Fourth, the classification results at C-band Sentinel-1A 10 m resolution were found to be unreliable with the very low CV threshold values. In this case, pixels were almost entirely classified as crop. The 100 m products did not meet the 80% requirement. Unlike the previous study [
20], we found that L-band performances were better than C-band’s, suggesting that classification results likely depend on the site of interest, dominant crop types, and crop structures.

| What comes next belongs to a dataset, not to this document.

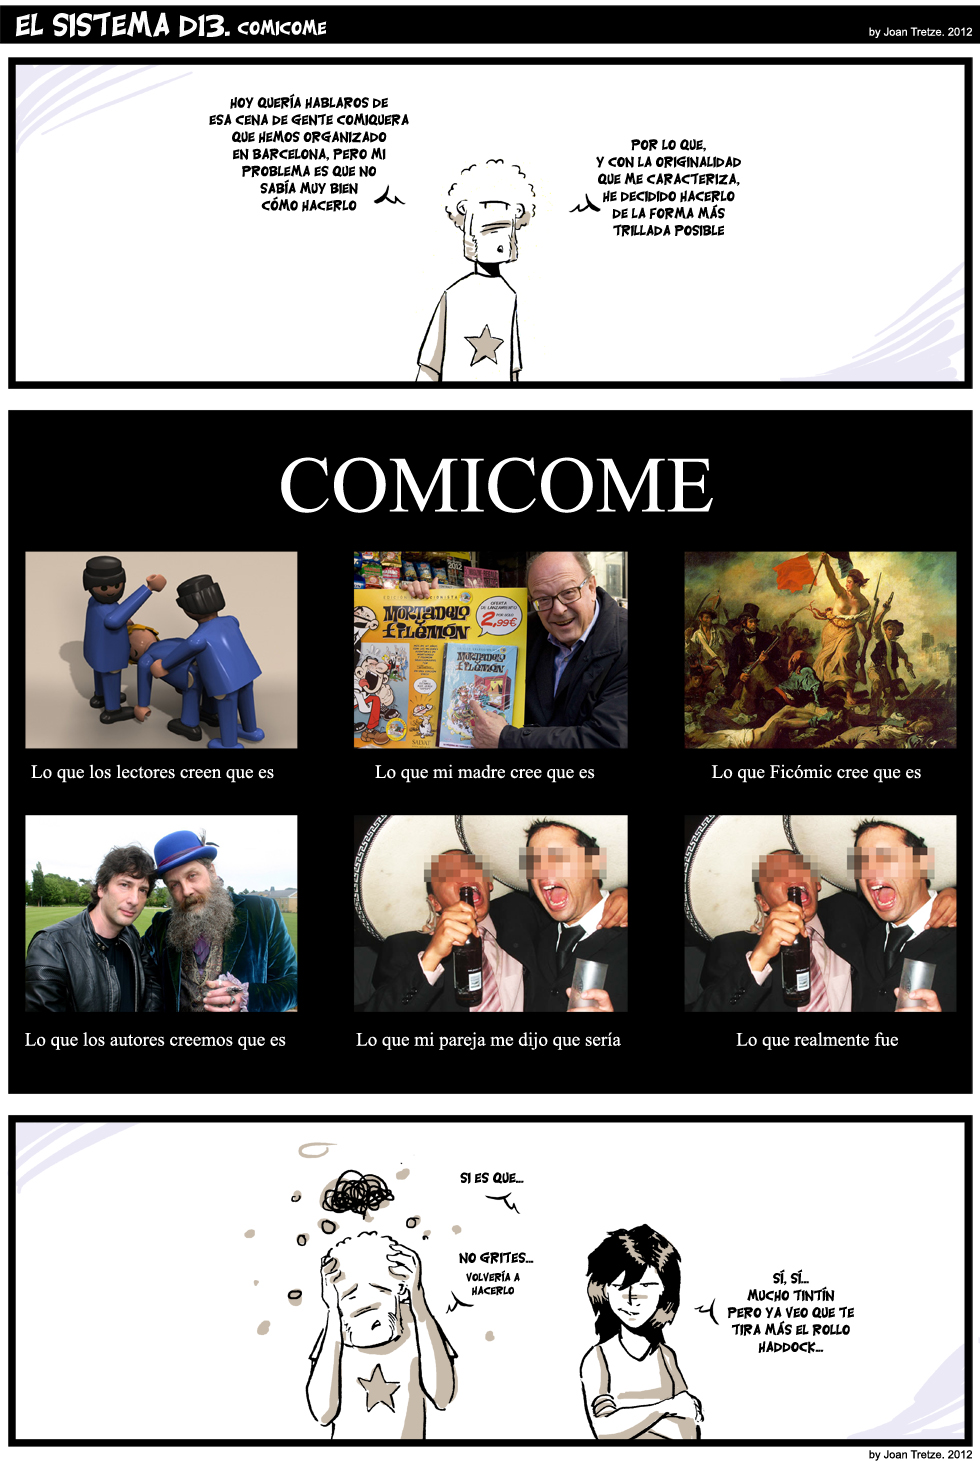 441. Comicome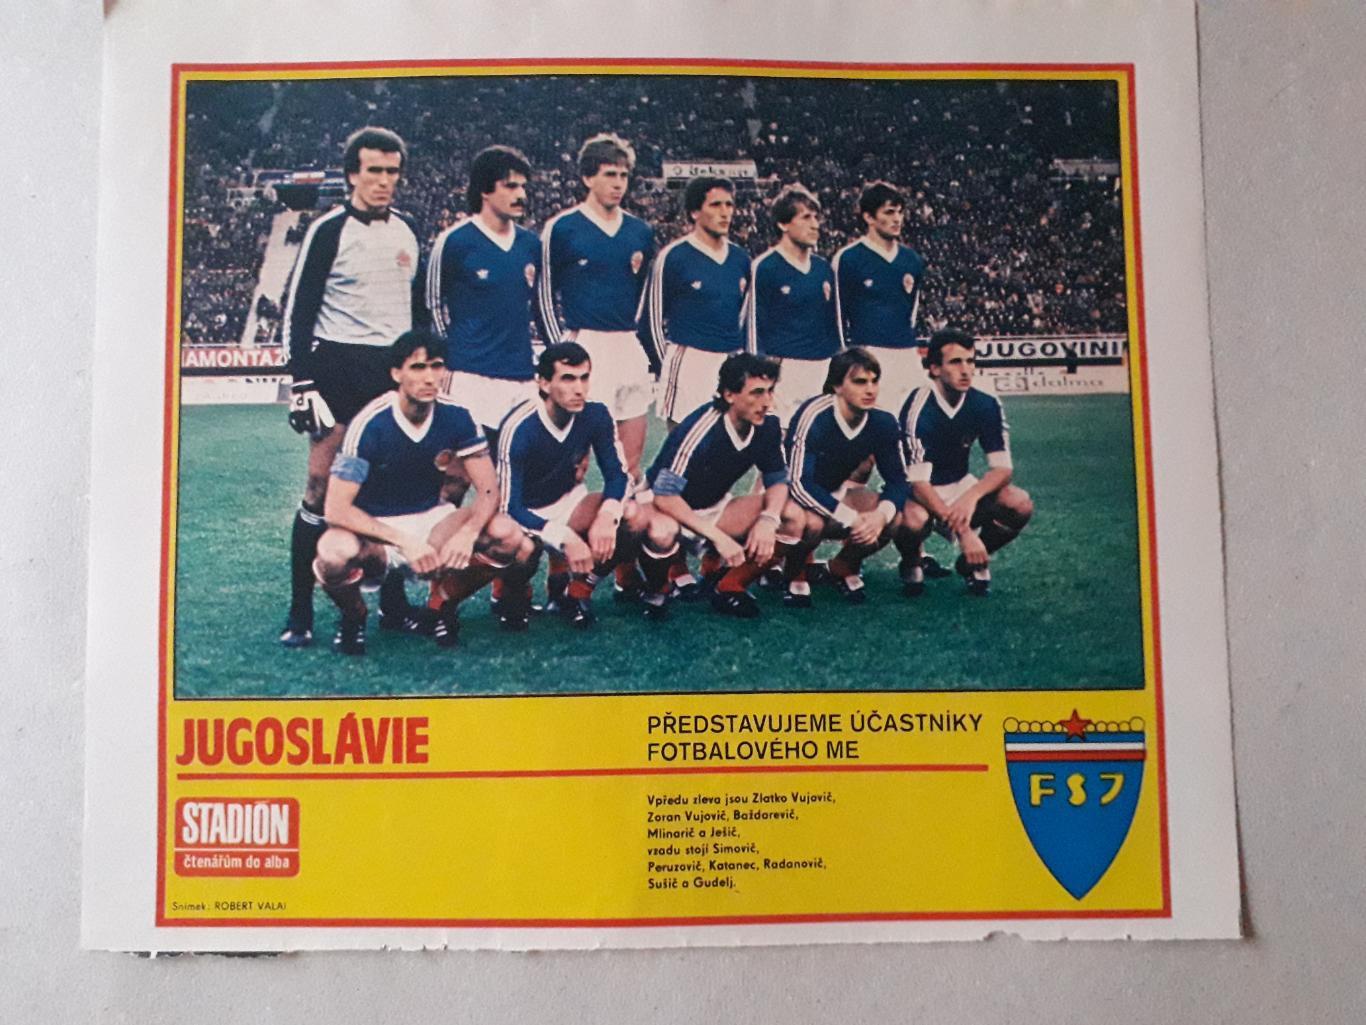 Плакат из журнала Stadion- Jugoslavie

Lastly, to demonstrate that a reliable result in terms of classification accuracy estimate can be achieved using the selected number of 39 validation polygons, we followed the approach proposed in [
27] to compute the confidence interval for the estimated accuracy. Given the overall accuracy requirement of 80%, for each case study investigated in the paper we derived, at 95% level of confidence, the limits of the interval. Using 39 validation polygons, the best result was obtained for L-band HV 100 m: we found that our estimate of the accuracy (i.e., 86%) was bounded between 83% and 89%. It is worth noting that the lower limit for L-band HV 100 m (83%) was greater than the upper limit derived for each of the other analyzed cases. This confirms that the validation set was large enough to support our conclusion, i.e., L-band HV polarized data at 100 m resolution were necessary to satisfy the 80% requirement.